A young person 17 years old, did not treat his serious diabetes but was not considered as showing a socially destructive behaviour that would lead to compulsory care according to the Care of young Persons Act. Compulsory care can include that a young person is placed in a special youth house where the person responsible for the medical care has the authority to decide the limitations of the young person’s freedom to move and right to integrity. As these are severe constraints of his freedoms and rights, the Court underlines that the applicable Article should not be interpreted too extensively beyond its literal meaning. The mere fact that the young person is exposing himself to a risk does not mean that a socially destructive behaviour is at stake. In this case, the young person C was mistreating his diabetes, not taking the ordinated medication. Accordingly, he is exposing his health to risks that potentially could be life threatening. The Court could, however, not see how that would be a “socially destructive behaviour” according to Article 3 of the Care of young Persons Act nor did the Court find any support for that in the preparatory works. The Court ruled in favour of C and upheld the rulings from the lower courts.
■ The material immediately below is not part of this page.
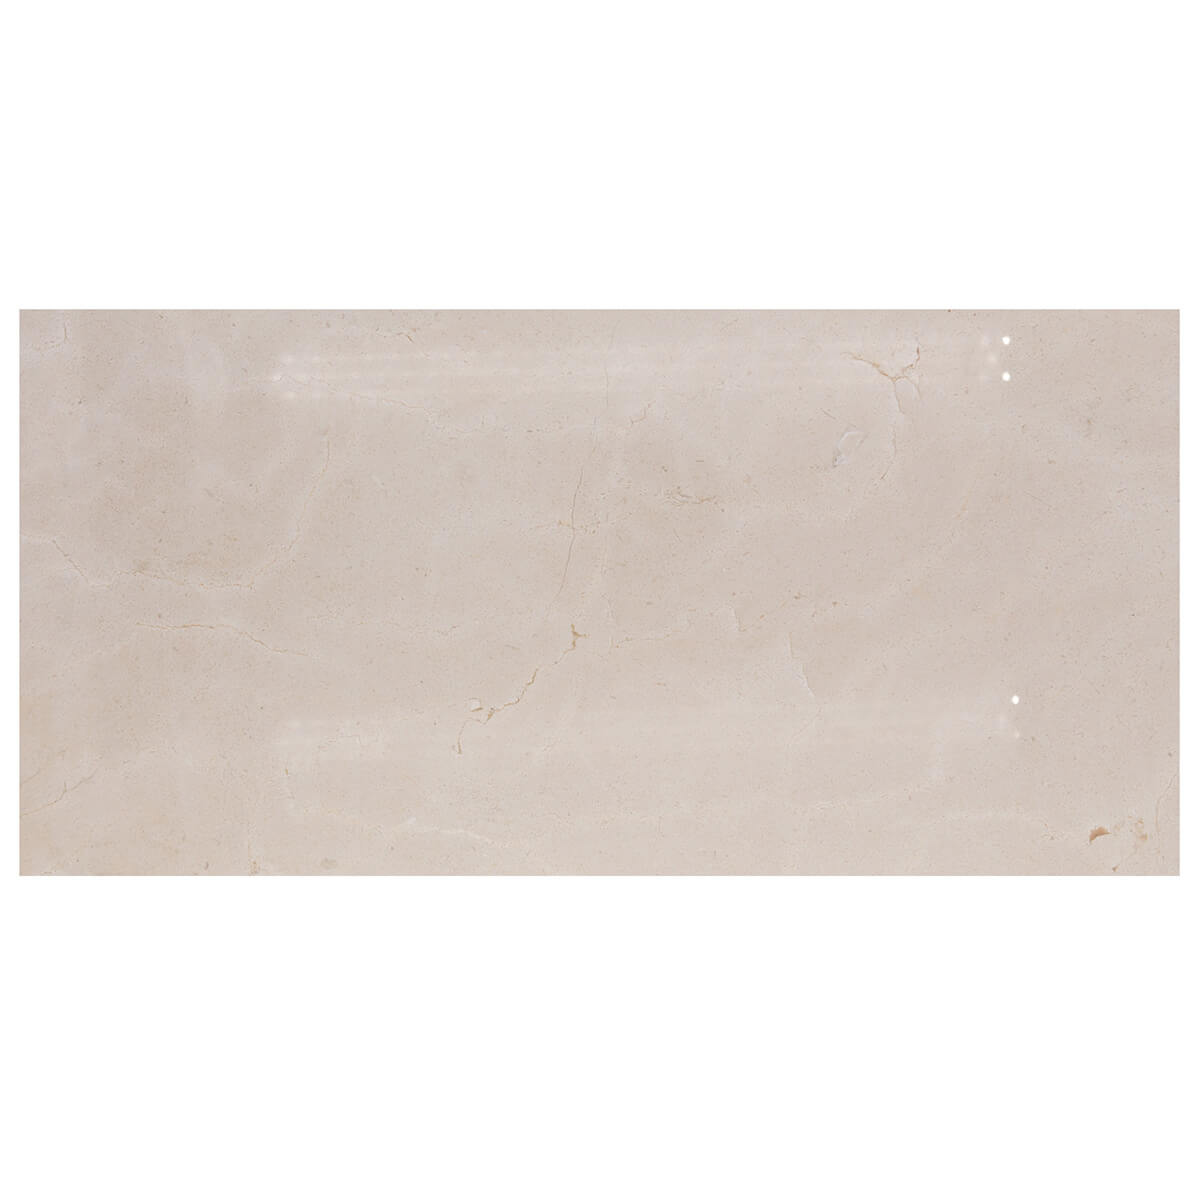 haussmann crema marfil limestone rectangle natural stone field tile 12x24 polished

  1. HFD 2015 ref 64Conditions for compulsory outpatient psychiatric care

In this case, a patient (M) had been ordered closed psychiatric care following the Act on Psychiatric care. After a couple of months, the closed psychiatric care was changed to compulsory outpatient psychiatric care. M objected to letting the compulsory outpatient psychiatric care continue. She stated that she did not have any serious psychiatric illness and there was no need to give her any care, conditions that should be met according to the Act. The medication given to her did not change anything. The Chief physician asked the Court to order that the treatment would continue. Compulsory outpatient psychiatric care is not really intended to include any kind of force, which means that the criteria in the Act should be restrictively interpreted in relation to outpatient care. The Court stated that the Act is applicable to M’s situation as she has a serious psychiatric illness regulated in Article 3 of the Act. The Court stressed the importance of assessing the patient’s whole situation and carefully measuring the proportionality of the care regarding the intrusion in the autonomy and integrity of the patient. As it was shown that M was lacking capacity to fully understand her illness and had done so for many years, the Court turned down M’s appeal.